Unique among the arts, dance offers access to expression through multiple modalities. Movement, touch, neurological, auditory, and visual stimulus open sympathetic channels in the mind and awaken and reinforce body-mind connectivity. Long before the internet’s all-consuming advent, human interaction through physical signaling effectively communicated and conveyed meaning, intention, identity, social hierarchy, healing, hurt, reflexive response, and a host of other messaging.
Layering dance’s modalities in “Triple Take,” RAWdance’s upcoming performances March 12–15 at ODC Theater present new works by the company’s three artistic directors. [Editor’s note: These performances have been canceled, following ongoing concerns about the novel coronavirus in the Bay Area.] Inspired by traditional Chinese medicine, the surrealist drawing game “exquisite corpse,” and life in the digital era, Katerina Wong, Wendy Rein, Ryan T. Smith, and the 10-member dance ensemble burrow into ancient and contemporary mysteries, imagination, and phenomenon.
Rein and Smith, working in New York’s Hudson Valley after the company expanded to dual, East-West Coast existence, together created Shadow.
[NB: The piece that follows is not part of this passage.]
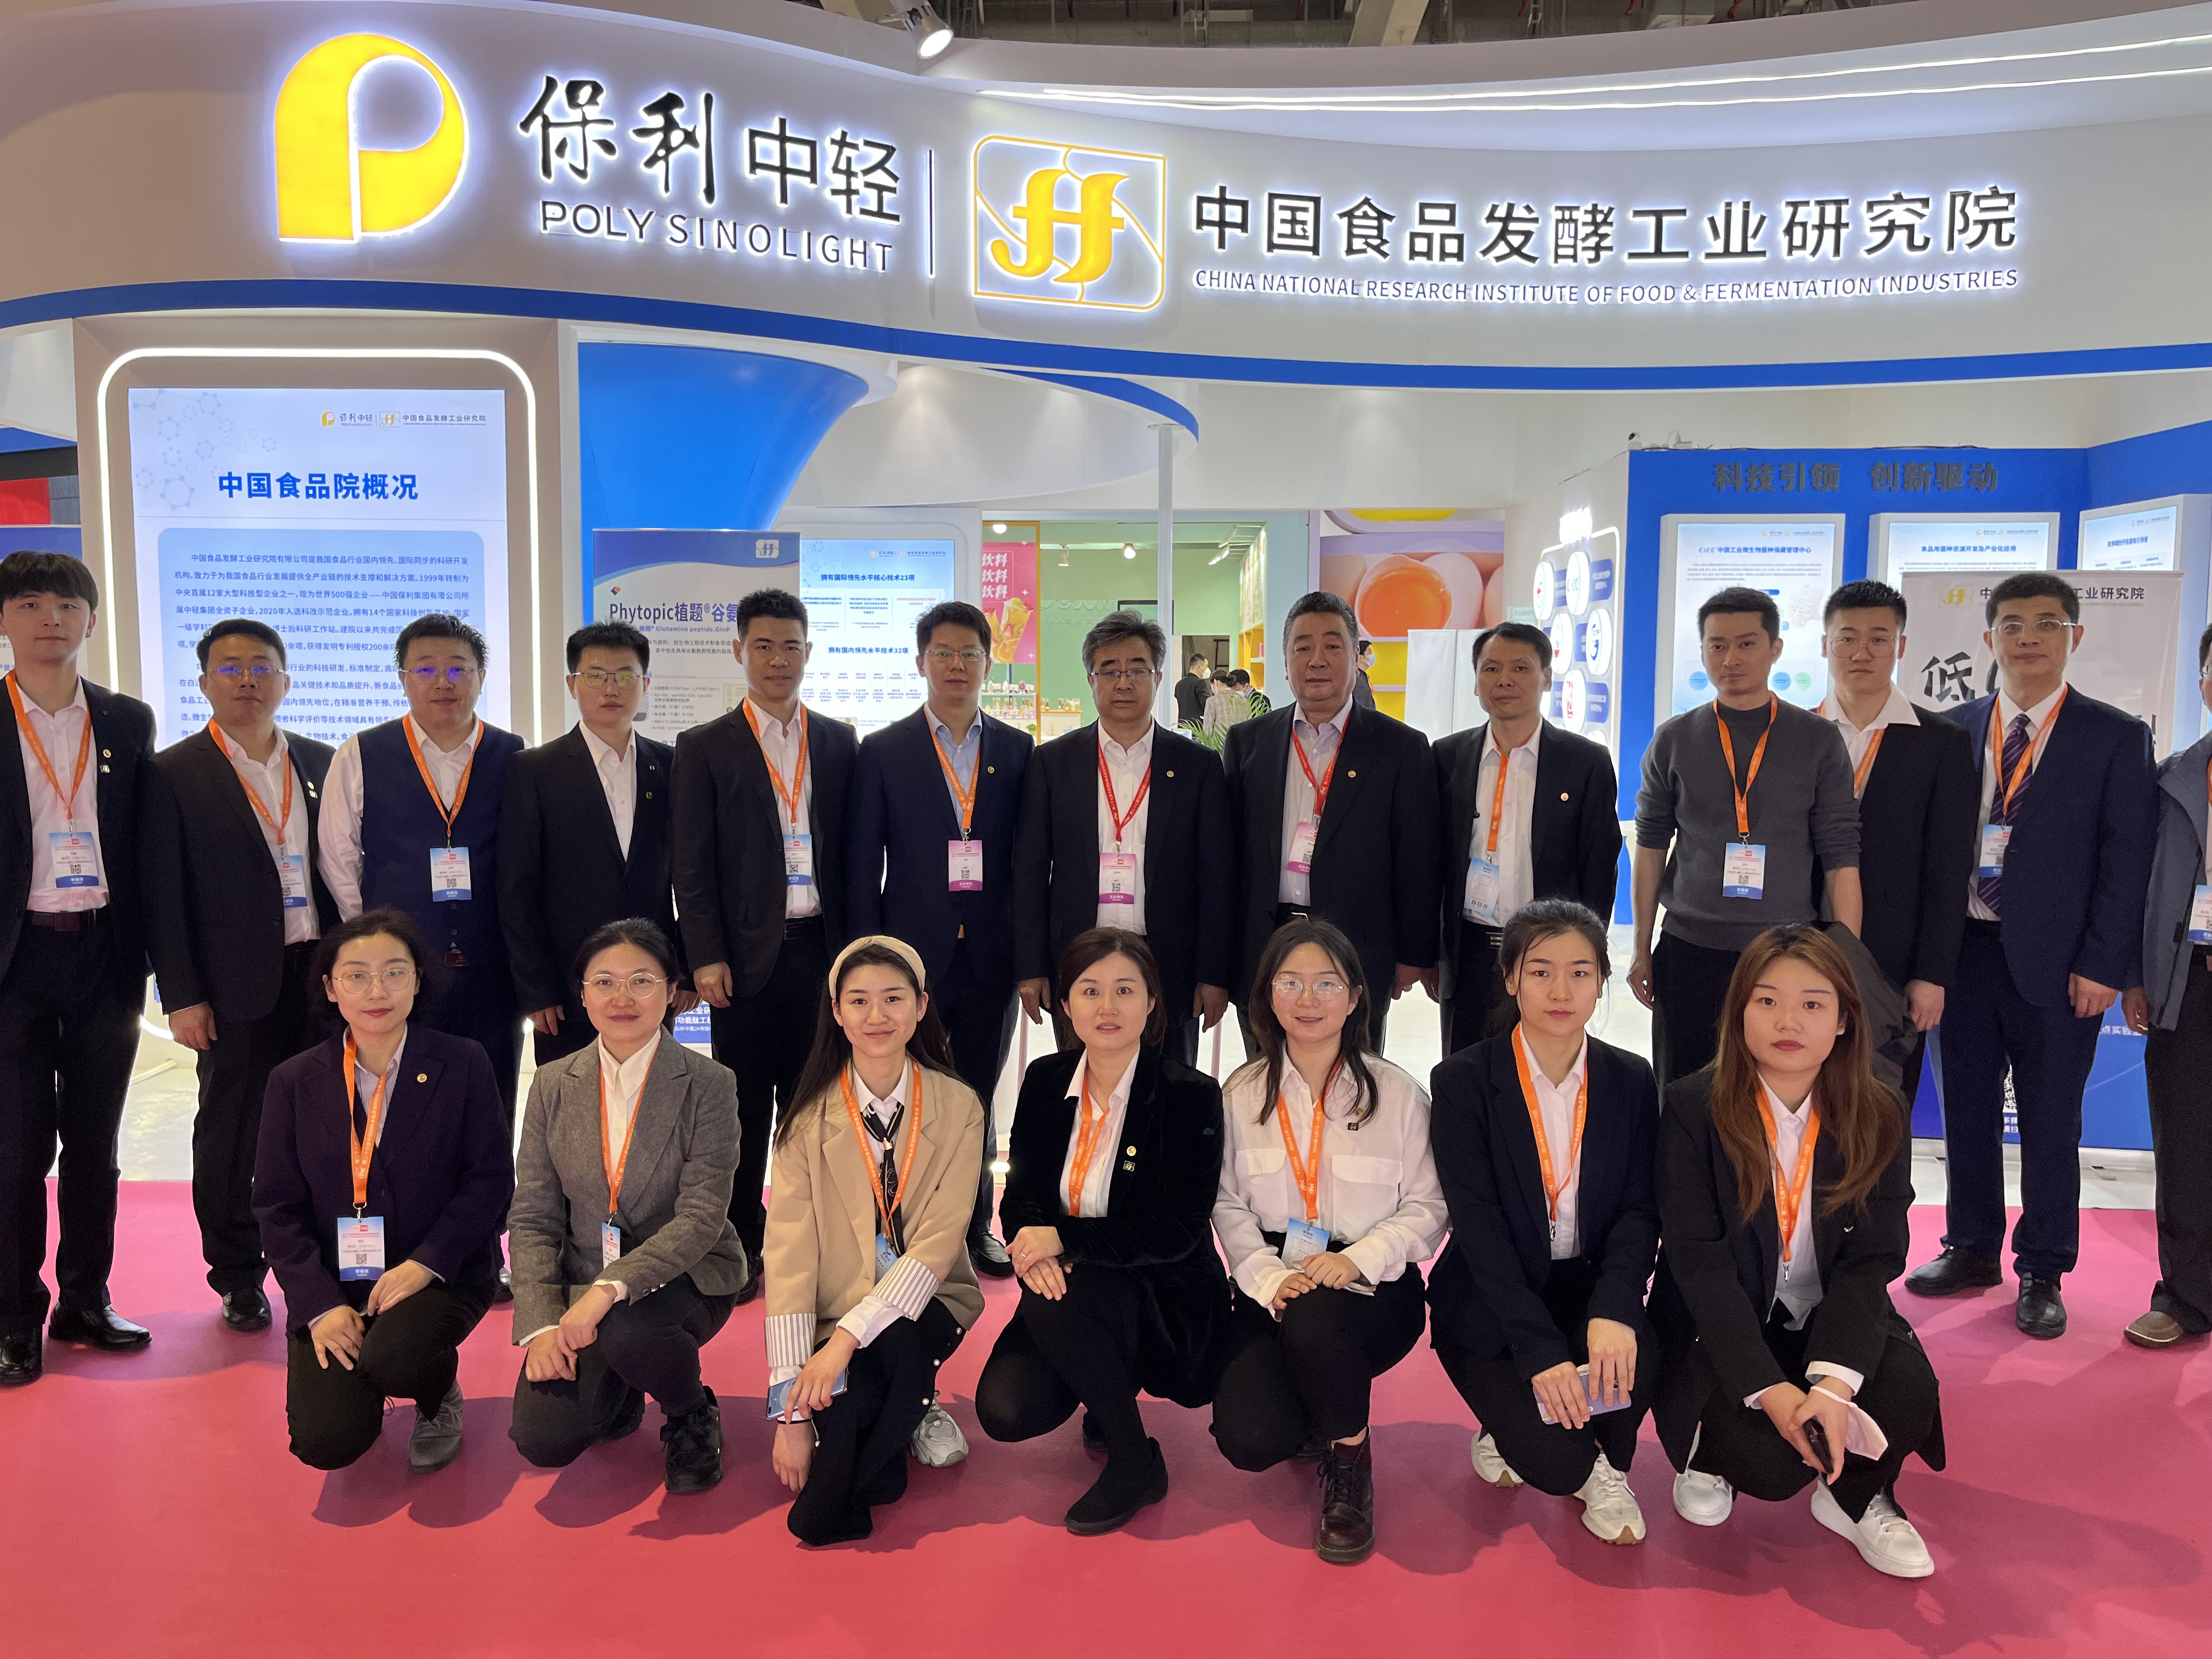 安胜杰出席第二十六届中国国际食品添加剂和配料展览会及签约仪式

Presenting one chapter of the multipart work, the choreographers address the commercialization of alternate intelligence (AI) identities and what that means for future societies. Co-director Wong, holding down the home fort in San Francisco, created The Healer, a dance illuminating the history, beliefs, and holistic practices of traditional Chinese medicine and paying tribute to her recently deceased aunt.
In an interview, Wong describes her aunt as “an energy healer, an intense, fierce female who had incredible presence and strength.” The woman’s undercurrent ran rich also; observational, thoughtful, engaged, committed, steadfast, wholeheartedly invested in connecting with people. The firmness of her belief in healing practices was both comforting and challenging.
During development, Wong and the four-women cast worked abstractly to develop movement vocabulary and motifs. Chinese medicine concepts illustrated on charts involving the body’s meridians or pathways used in acupuncture and acupressure had them investigating rivers of energy, from internal organs to skin, digits, and facial features. “The liver and heart each have a pathway,” she says. “The dancers took one at a time and traced the impulse, like lifting a toe, or tracing their elbow along their knee.” Rocking and vibratory movements completed the pathways’ journey. Intersections that are considered pressure points became central areas of focus and introduced larger, global concepts of the body’s connectivity. Three dancers would press on a point; the fourth dancer responded. “Pain in the head might connect to another place in the body entirely because both are on the same meridian. We threaded that material together to specify touch in partnering and create tender, healing moments,” says Wong.
Familiar to most people are yin-yang categorizations representing two opposites that can never be separated: sun/moon, light/dark, and so on. “The frustrations of conflicting sides is where the essence of growth occurs,” Wong insists. “We improvised with doing the opposite of what something usually causes. Like shaking bones, the opposite, in a visceral way, is soft, smooth, muscular movements. How can those two opposites live together and what does that say about our experience?”
The question unveils the work’s artistic depth: A world in which people will never completely homogenize — no one would want such a world if it could actually exist — is a world with fraught connectivity and relationships. How do opposites live together? The Healer poses a vital question.
Wong says composer-musician Daniel Berkman’s commissioned score includes ambient sounds of nature that grow distorted or dissonant, electronic music, “familiar sounds but not what you hear with a symphony,” and passages integrating the erhu and guqin (Chinese string instruments). The sound of wind and the dancers’ breathing create a live, active, sonic environment with internal logic relating back to the work’s core concepts.
Closing the program, the title pending, the directors present five dancers in a dance created with intentional censorship. Rein and Smith working as a team and Wong working solo, alternated as creators by choreographing three-minute sections. Passing only the final 30 seconds across the country, each “player” in the game then linked their new three-minute section to the 30-second excerpt and repeated the process. The approach was a riff on “exquisite corpse,” a parlor game invented by surrealists André Breton, Marcel Duchamp, and others, in which participants drew a section of the body and folded the work before passing it to the next person, who added a part without seeing what had previously been drawn. Only when the entire drawing was unfolded did players see the “new body.”
Wong’s original nervousness that the process would be limiting quickly dissolved. “It was liberating. I wasn’t going for concepts or messages, I just focused on the given.” Recently seeing the complete work for the first time in rehearsal, she says, “I got emotional. It’s unusual to see your work framed by things you’ve not seen but still feel connected to it.”
Similarly, selected for the 2020 Leadership Through Mentorship Program, an initiative of WOCA (Women of Color in the Art) that supports women of color in the performing arts, Wong finds power in the cohort’s connectivity, generosity, safety and honesty. “As women artists, we often have to put on filters,” she says. “With this opportunity, we can strip those away and get to what it means to be human and to improve our field.”